One test ARUP did not perform in-house during this period was a whole blood test for phosphatidylethanol (PEth), a biomarker associated with alcohol consumption. Once Research and Development (R&D) validated an in-house test, it was up to Church to implement it—and taking a new test live on a new instrument platform is a bit of a high-wire act. The stakes were high. They rose even higher as the test finally went live for clients in early 2020, just as COVID-19 began sowing chaos.

“We knew as soon as we flipped the switch—it wouldn’t be a slow ramp-up,” Church said.
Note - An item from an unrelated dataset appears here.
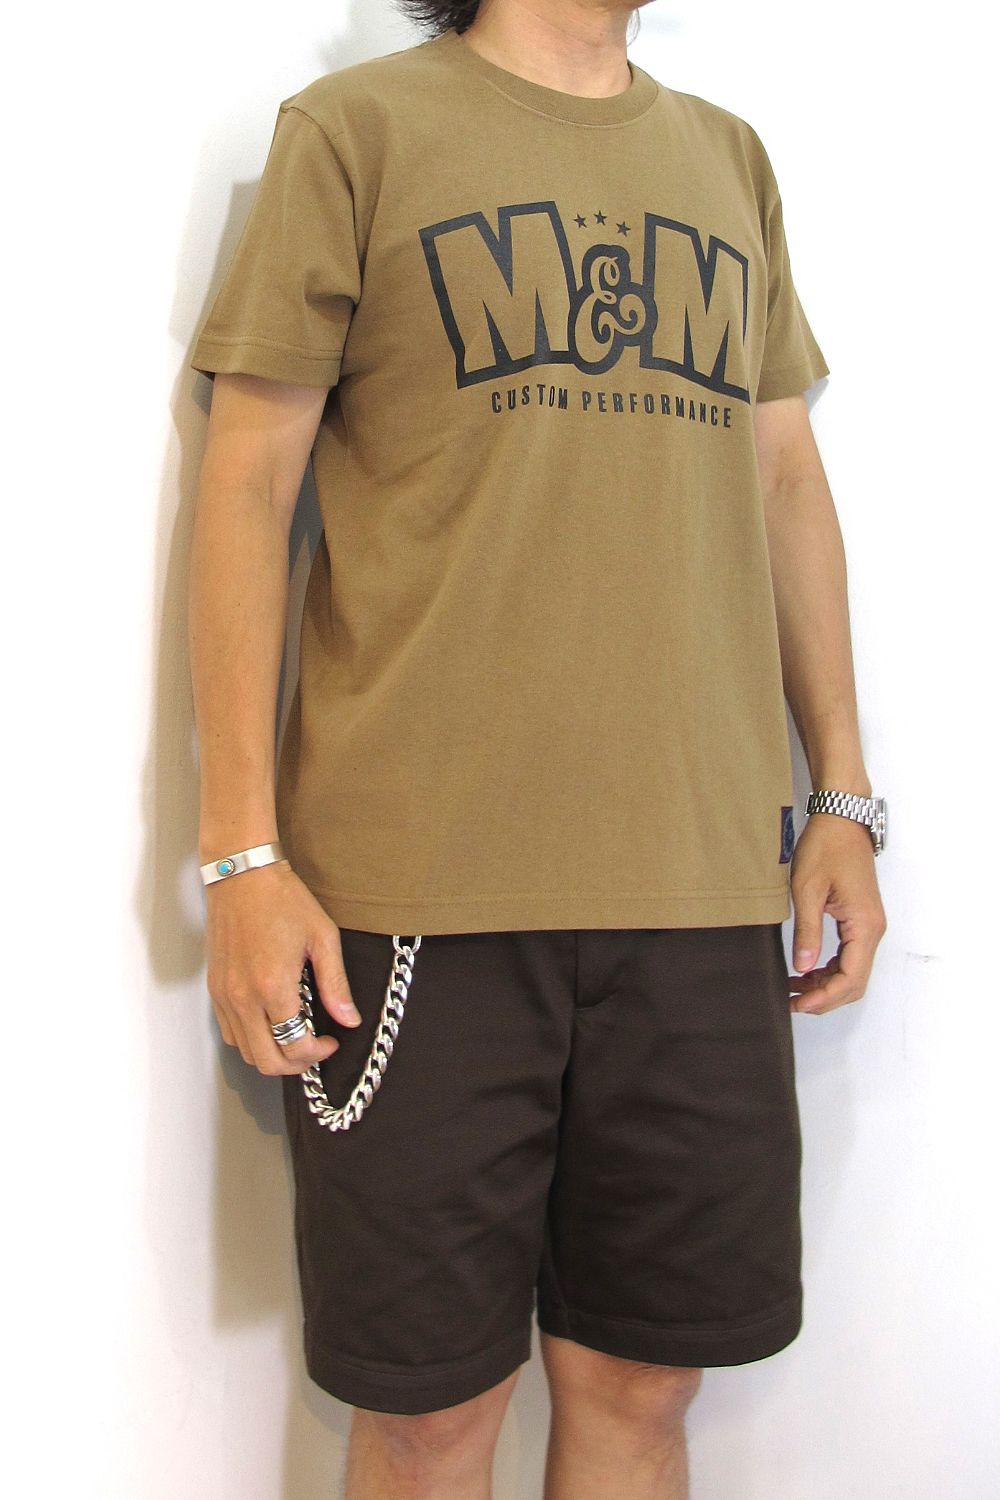 M&M CUSTOM PERFORMANCE Tシャツ キャメルM

Before the launch, ARUP was receiving 1,000 to 2,000 specimens per month for the whole blood PEth test that were passing through to referral partners. Church said she knew those numbers would grow as clients found the test easier to access, so she wanted to make sure her lab could handle even larger volumes.

“It was the right move, because by the end of that year, we were processing up to 6,000 specimens per month,” Church said.

Most of the PEth test procedures Church helped establish are still in use today, with a handful of upgrades to handle even larger volumes. ARUP now performs more than 10 times the number of tests that were being referred at the point that ARUP’s test went live. Some of those upgrades happened as Church’s lab moved into a new facility, which she helped to design.

In 2021, Church joined ARUP Healthcare Advisory Services and now leverages the experience she gained during her years at the bench to develop efficient strategies for ARUP’s clients, whether for individual diagnostic tests or for enterprisewide process optimization. She still finds major puzzles to crack, both in the lab and across the industry. She notes that clients ask about new opportunities for automation, something she understands intimately because of her work in mass spectrometry.

“Anyone who has experienced pipetting into a 96-well plate knows that can be a hard task,” Church said. “There are so many little mistakes that could be made, and in working with mass spectrometry, we worked with so many things manually. Automation ideas came naturally out of that.”

Church said medical laboratory science’s constant learning environment remains rewarding, and she has had the opportunity to improve outcomes for far more patients in the lab than she might have as a clinician.

“I was lucky to have many years solving a variety of interesting problems in my lab work, and now I get to apply that experience to our clients,” she said. “Each one has a unique challenge that requires unique solutions. I’m glad I get to play a role here.”

Healthcare Consultant Bella Church, MS, C(ASCP)CM

Senior Healthcare Consultant Bella Church, MS, C(ASCP)CM, has been solving complex puzzles in the lab for 20 years. Now part of ARUP Healthcare Advisory Services, she’s snapping pieces into place for clients industrywide.